■ EXERCISE INPUT:

■ ■ ■ ■

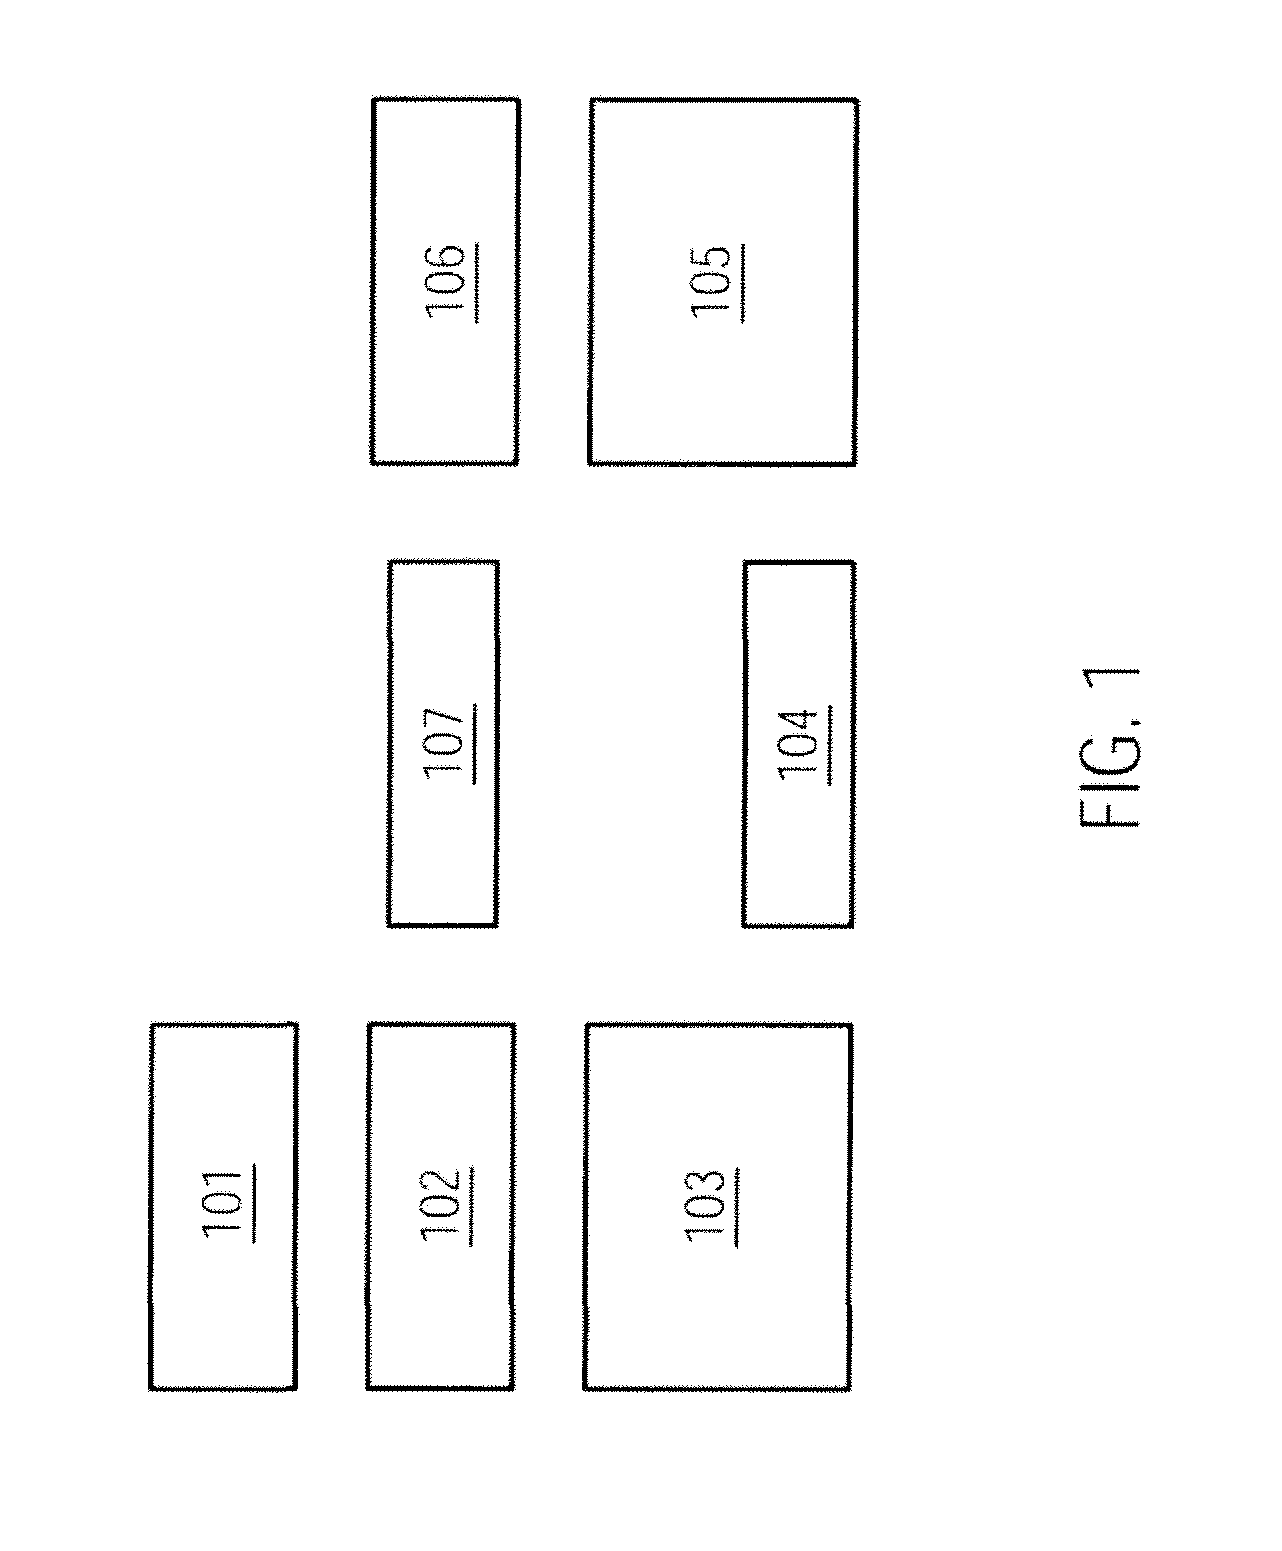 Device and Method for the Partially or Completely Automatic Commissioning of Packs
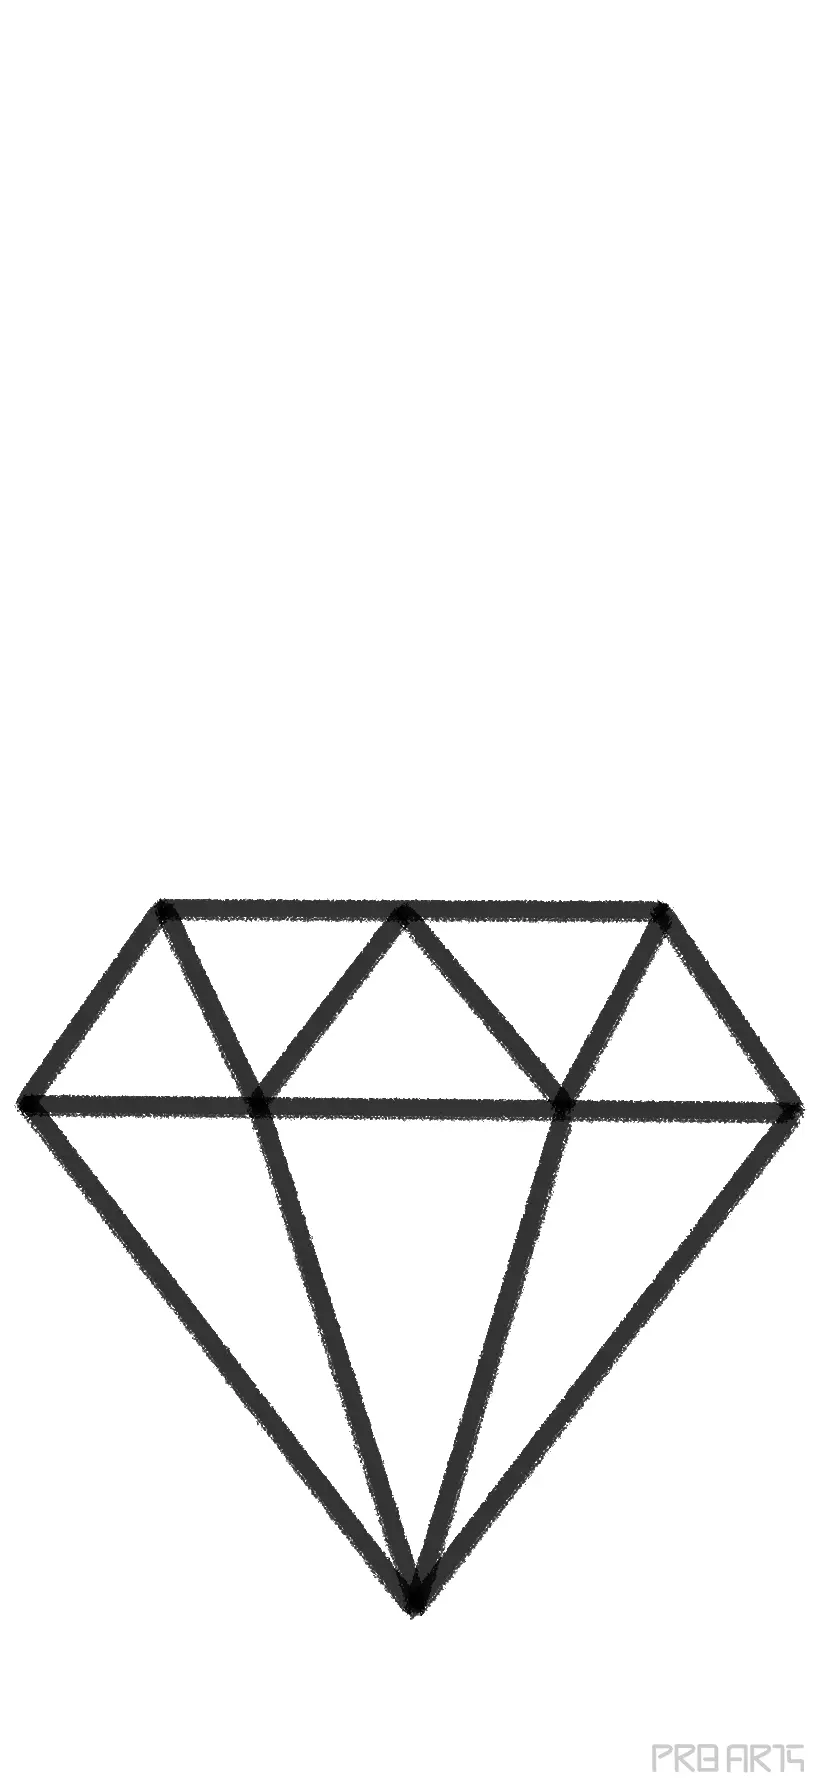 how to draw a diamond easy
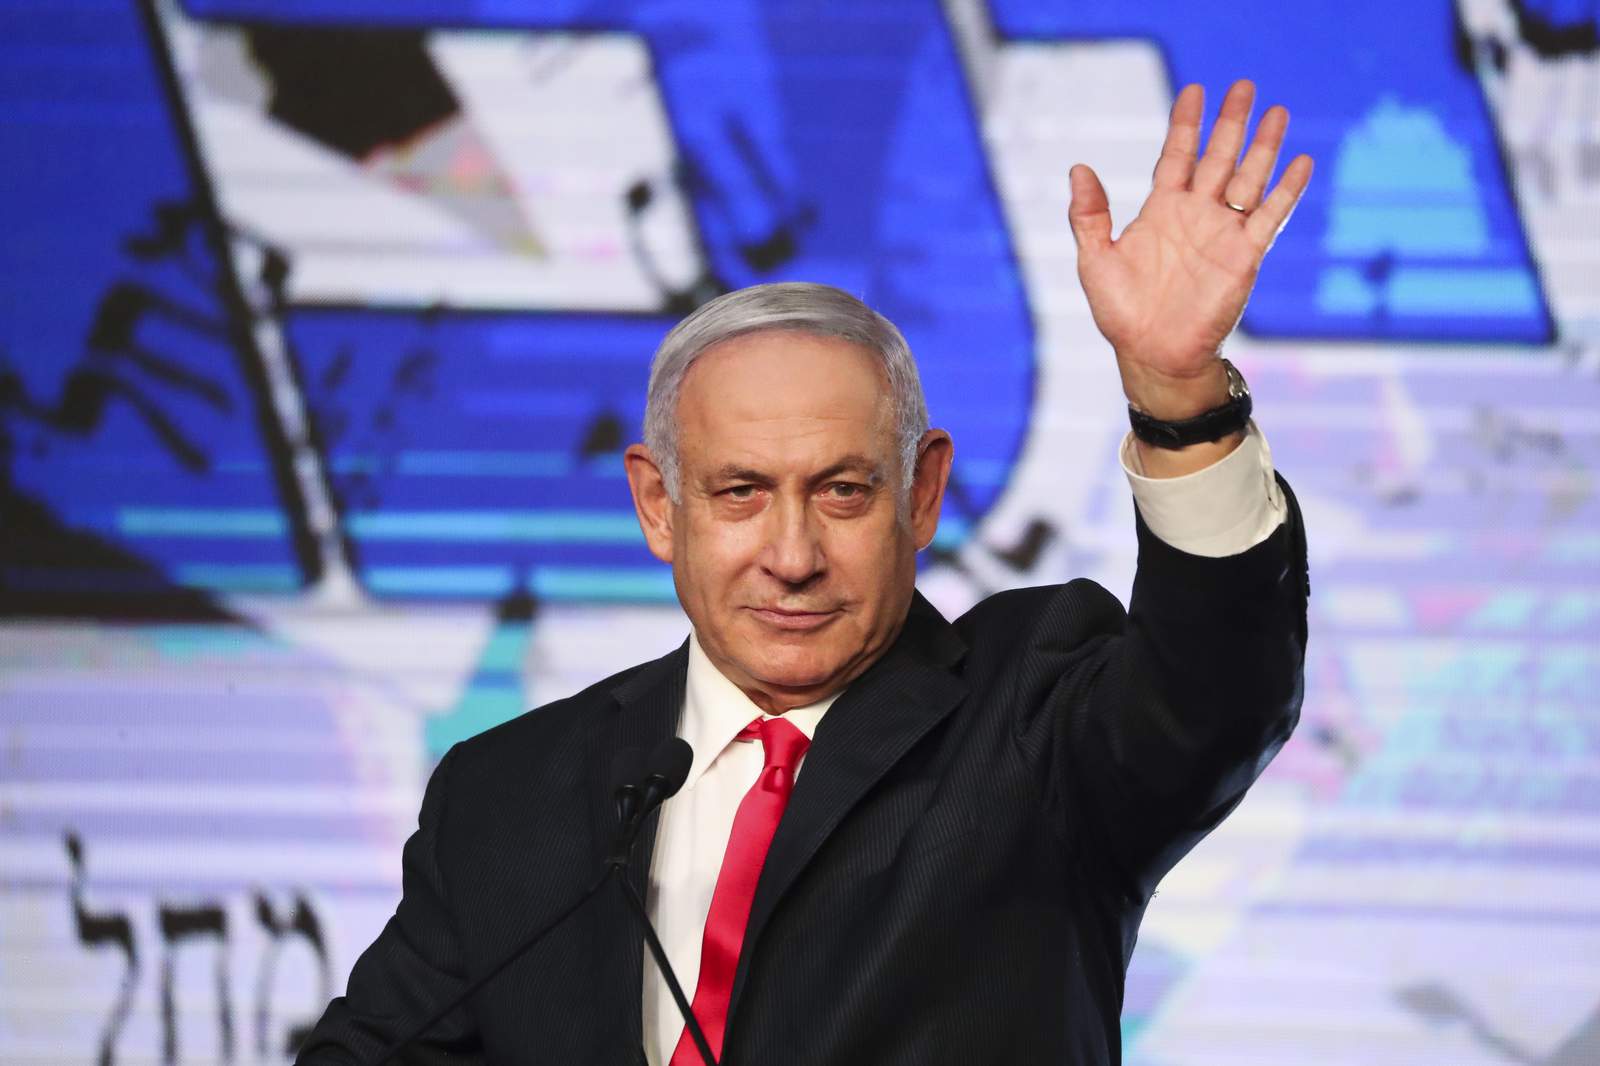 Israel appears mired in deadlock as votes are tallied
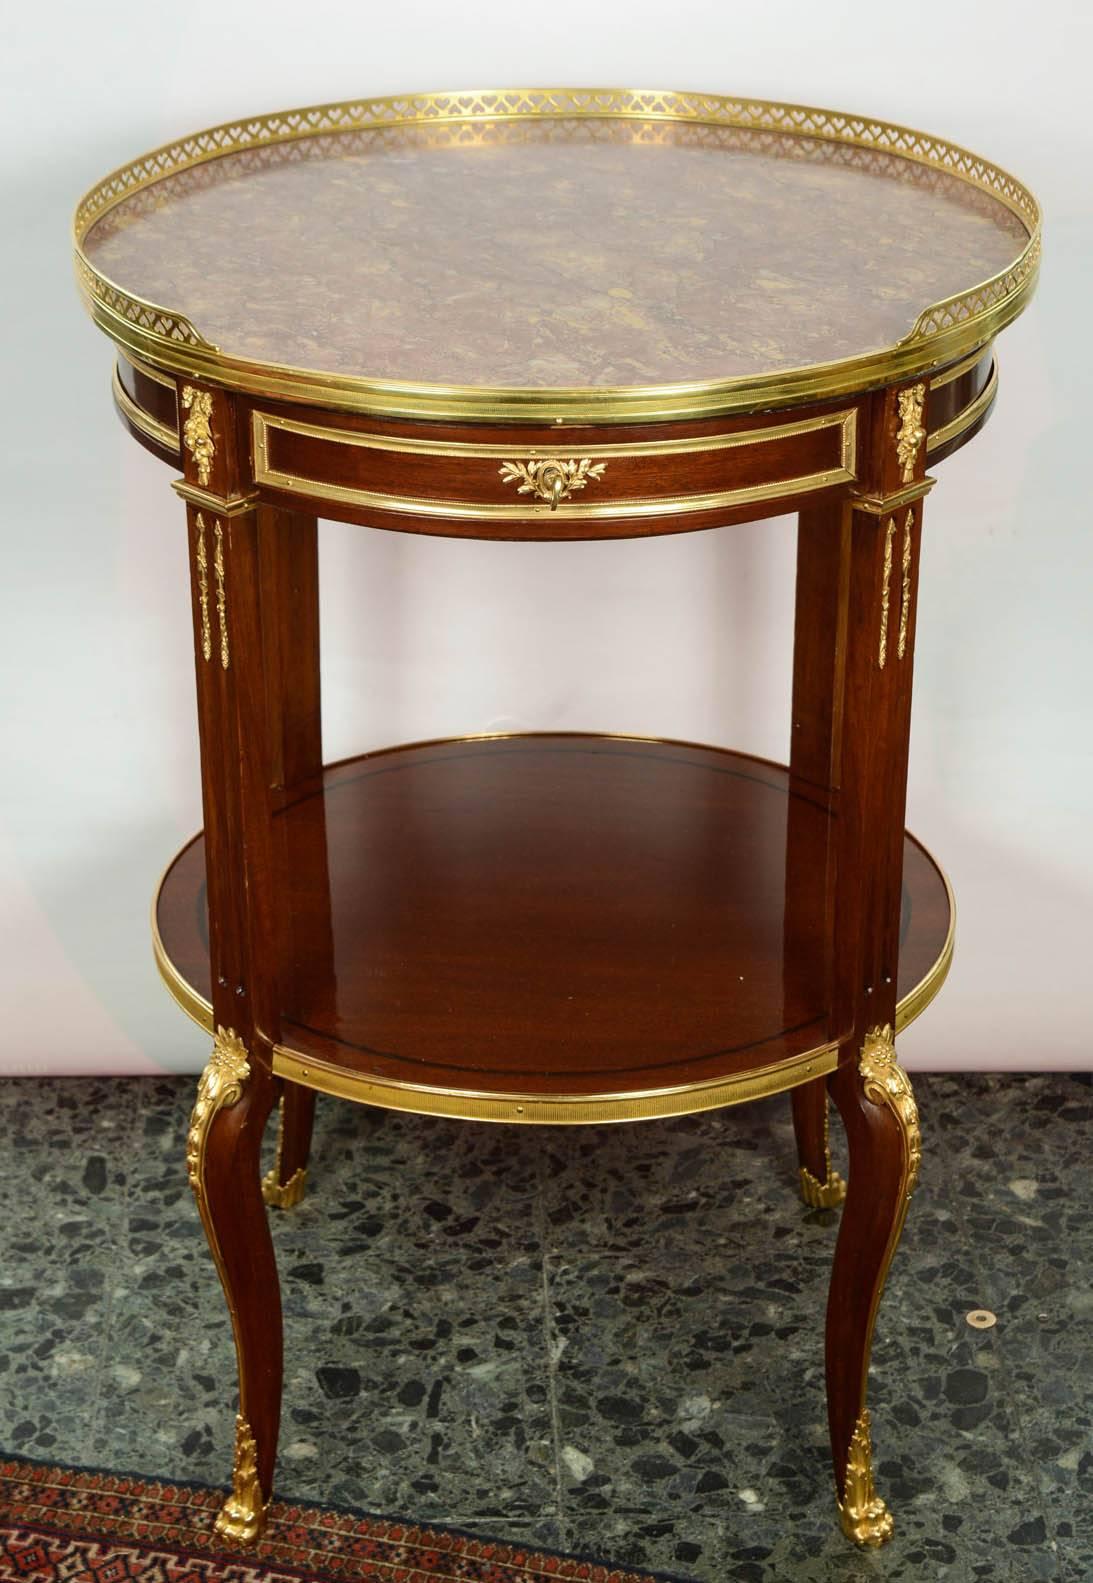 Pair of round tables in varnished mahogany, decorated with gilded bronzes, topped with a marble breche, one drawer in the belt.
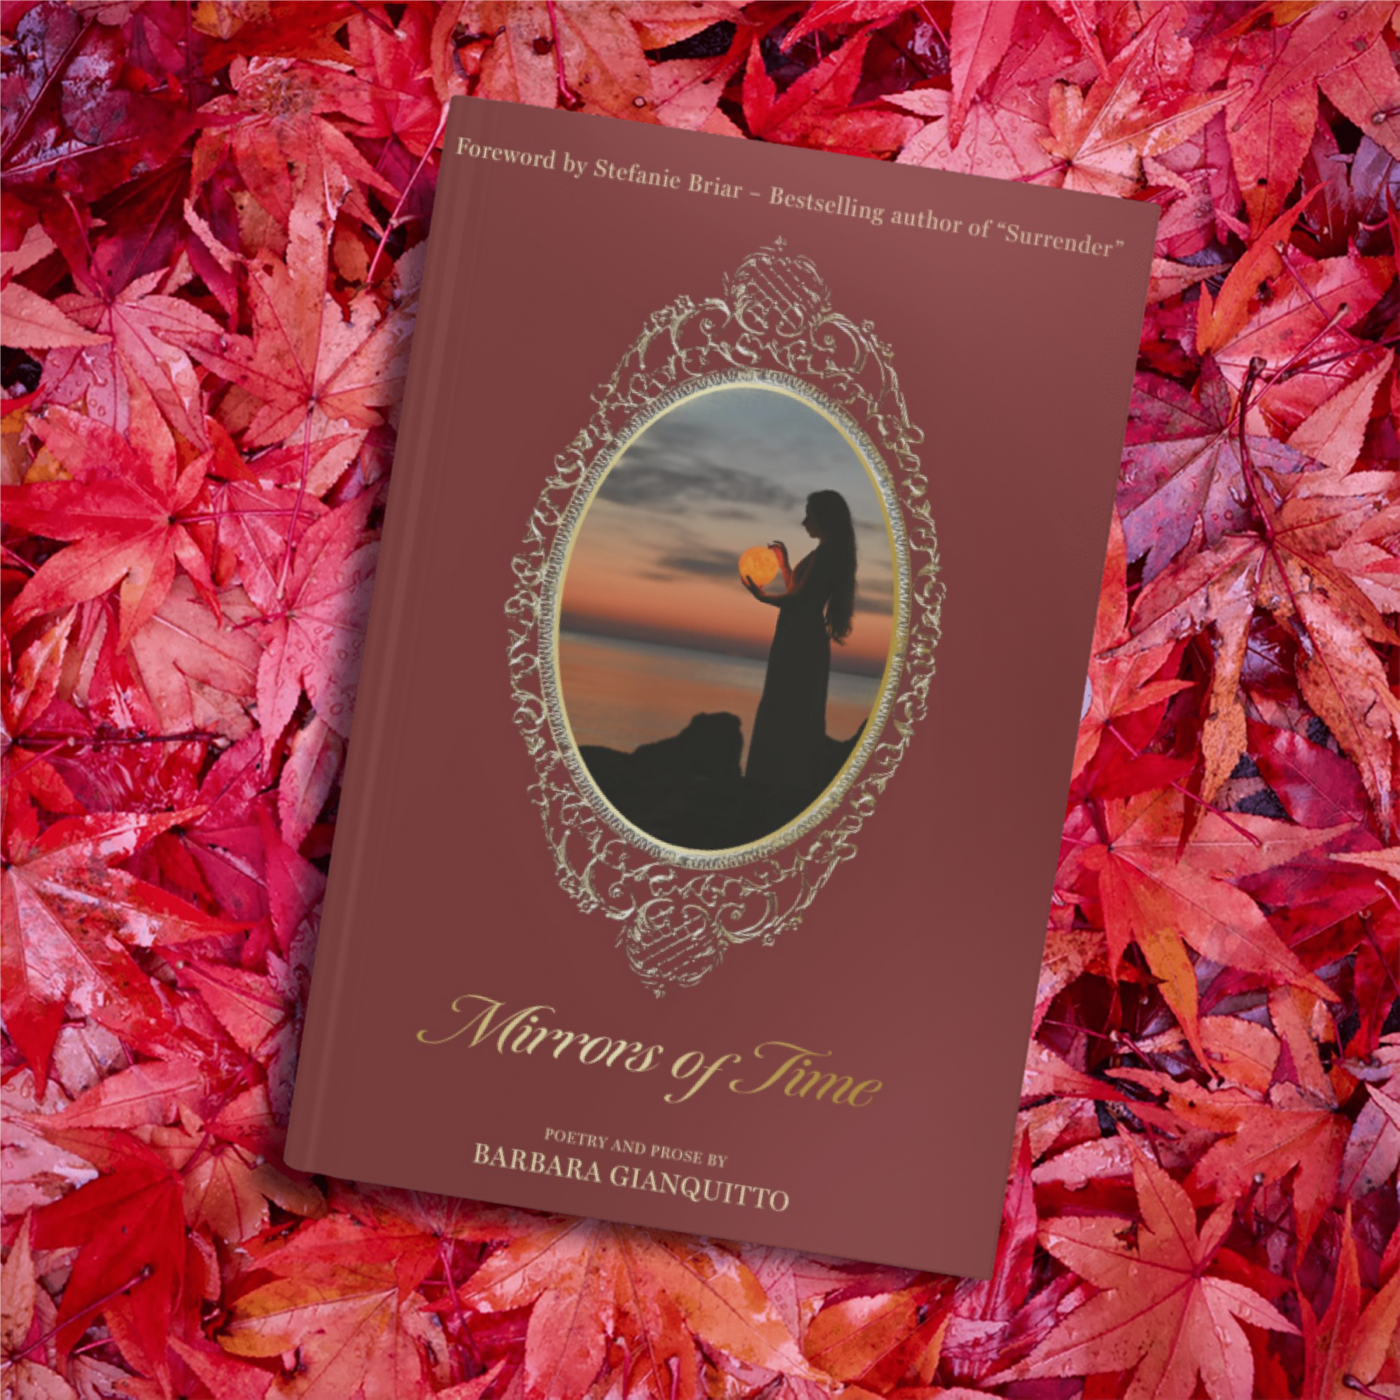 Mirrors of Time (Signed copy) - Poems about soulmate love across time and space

■ ■ ■ ■

■ WHAT YOU SHOULD DO:
A verbatim transcription of the records, pictures excluded, is the required output.

■ RESPONSE:
 Device and Method for the Partially or Completely Automatic Commissioning of Packs
 how to draw a diamond easy
 Israel appears mired in deadlock as votes are tallied
 Pair of round tables in varnished mahogany, decorated with gilded bronzes, topped with a marble breche, one drawer in the belt.
 Mirrors of Time (Signed copy) - Poems about soulmate love across time and space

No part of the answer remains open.